The settlers created the wealth and provided the water that enabled massive immigration of Arabs to these lands. Refuting every claim of Arab “displacement” by Jews, the Israelis spurred development and welcomed Arabs thronging to participate in it.
Between the 1967 war and the first “intifada” terror in 1987, Arab settlers moving from Jordan and other Arab countries to the West Bank and Gaza came to outnumber Israeli settlers eight to one.
Nonetheless, ever since Israel’s creation and its accommodation of massive Arab immigration, virtually every Arab state expelled its own Jews. Many residents for generations, Jews in Arab lands then numbered some 800,000 and held some $2.5 billion in land and wealth. Nearly all was expropriated without compensation.
No one should imagine, however, that Palestinians alone are ingrates toward their Jewish benefactors. “The Israel Test” shows that U.S. prosperity, defense, and technological creativity is indispensably reliant on Jewish genius and Israeli ingenuity. Historically and today, the leading U.S. semiconductor company is Intel Corporation (NASDAQ: INTC). From its founding, Intel has been indispensably dependent on Israel for leading engineers and executives, leading-edge chip designs and crucial advanced wafer fabrication. From IBM to Google, other pioneering American technology players depend on Israeli laboratories and inventors.
This dependency continues today. My investment newsletters all are currently exploring the huge promise of the new revolution in materials science and technology represented by the discovery and development of graphene.
You may well already know the pitch. A single atomic layer of carbon atoms that is 200 times stronger than steel and a thousand times more conductive than copper, graphene promises to transform every U.S. industry, from electronics and computation to construction and architecture, from transportation and aerospace to medicine and surgery.
For military and space uses, NASA urges incorporation of graphene “in every part of the space program.”
Yet when I wanted to research the development and application of graphene for everything from biosensors to supercapacitors, from flexible solar panel films to self-driving cars, from construction materials to implants for severed spinal cords, I found I had to go to Israel.

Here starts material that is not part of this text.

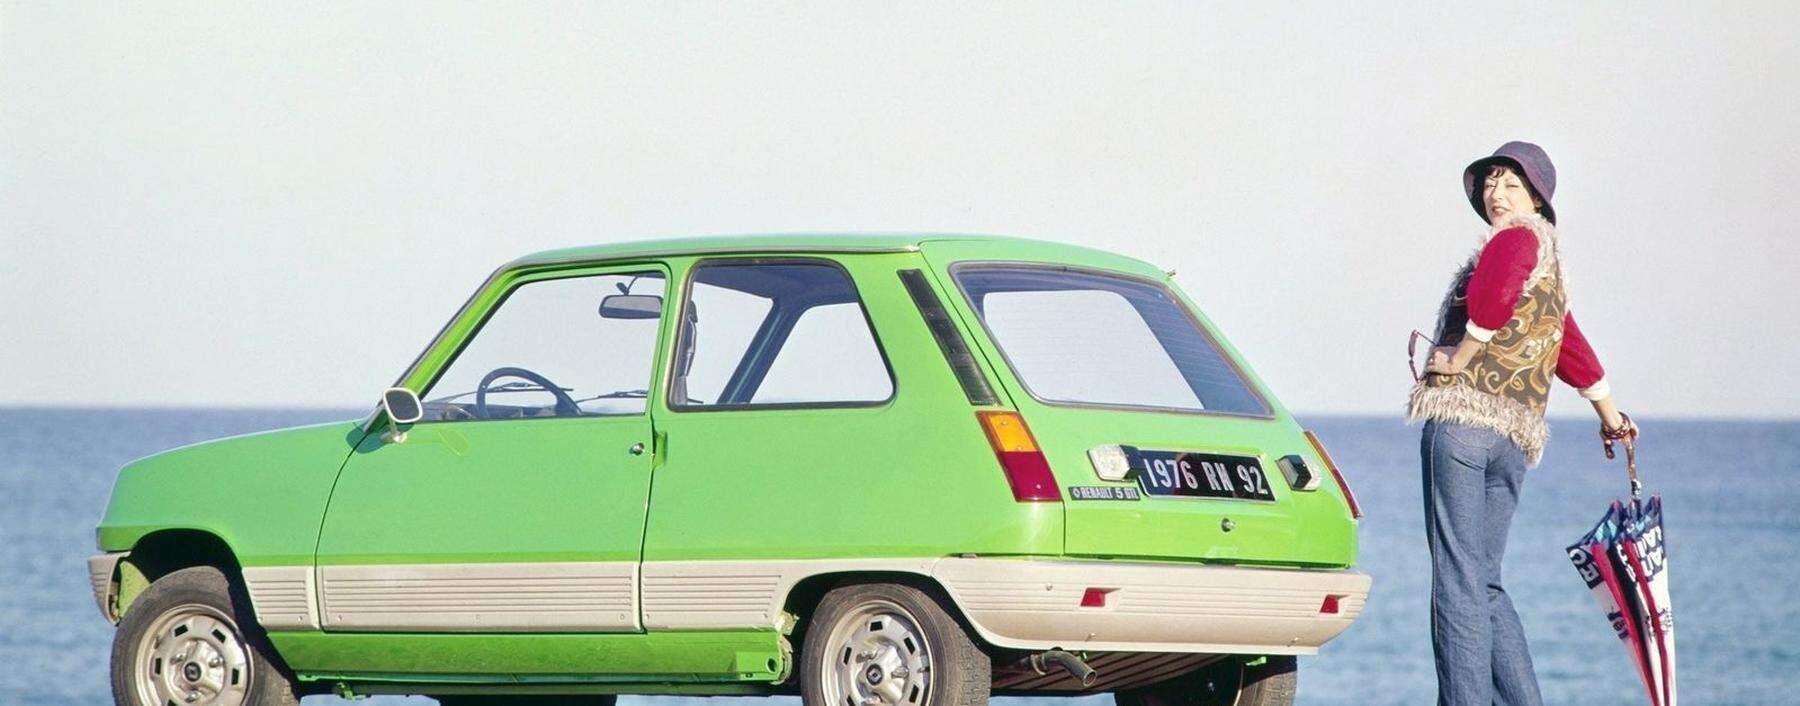 Schlicht schnuckelig, hochverehrt: der originale Renault 5, hier in erster Serie als feiner GTL von 1976.

My time theory of money shows that such Israeli contributions to technological progress in graphene and other frontiers of innovation are far greater and more strategic than is gauged by the usual economic metrics and adjusted for inflation by Consumer Price Indices. Propelling the entire world economy for more than half a century have been advances in information technology spearheaded by Israelis. These contributions have radically reduced the work time, measured in universal time-prices, required to earn the money to purchase the fruits of technological progress.
In a dangerous epoch fraught with peril, the Israel test asks whether the world can suppress envy of Jews and recognize its dependence on the supreme contributions of a relatively tiny minority of men and women. The world subsists on hard and possibly reversible accomplishments in medicine, technology, pharmacology, engineering and enterprise. It thrives not on forcibly reallocating land and resources but on fostering their most productive and ingenious uses.
The survival of civilization depends on suppressing envy and jealousy toward achievement, recognizing excellence wherever it appears and nourishing it until it prevails.
We all depend on a vanguard of visionary creators on the frontiers of creativity and genius. We depend now on Israel and Israel depends in part on us. Israel is the pivot, the axis, the litmus, the trial.
Are you for civilization or barbarism, life or death, wealth or envy? Are you an exponent of excellence and accomplishment or of a leveling creed of troglodytic envy and hatred?
That is the “Israel Test,” inescapable today.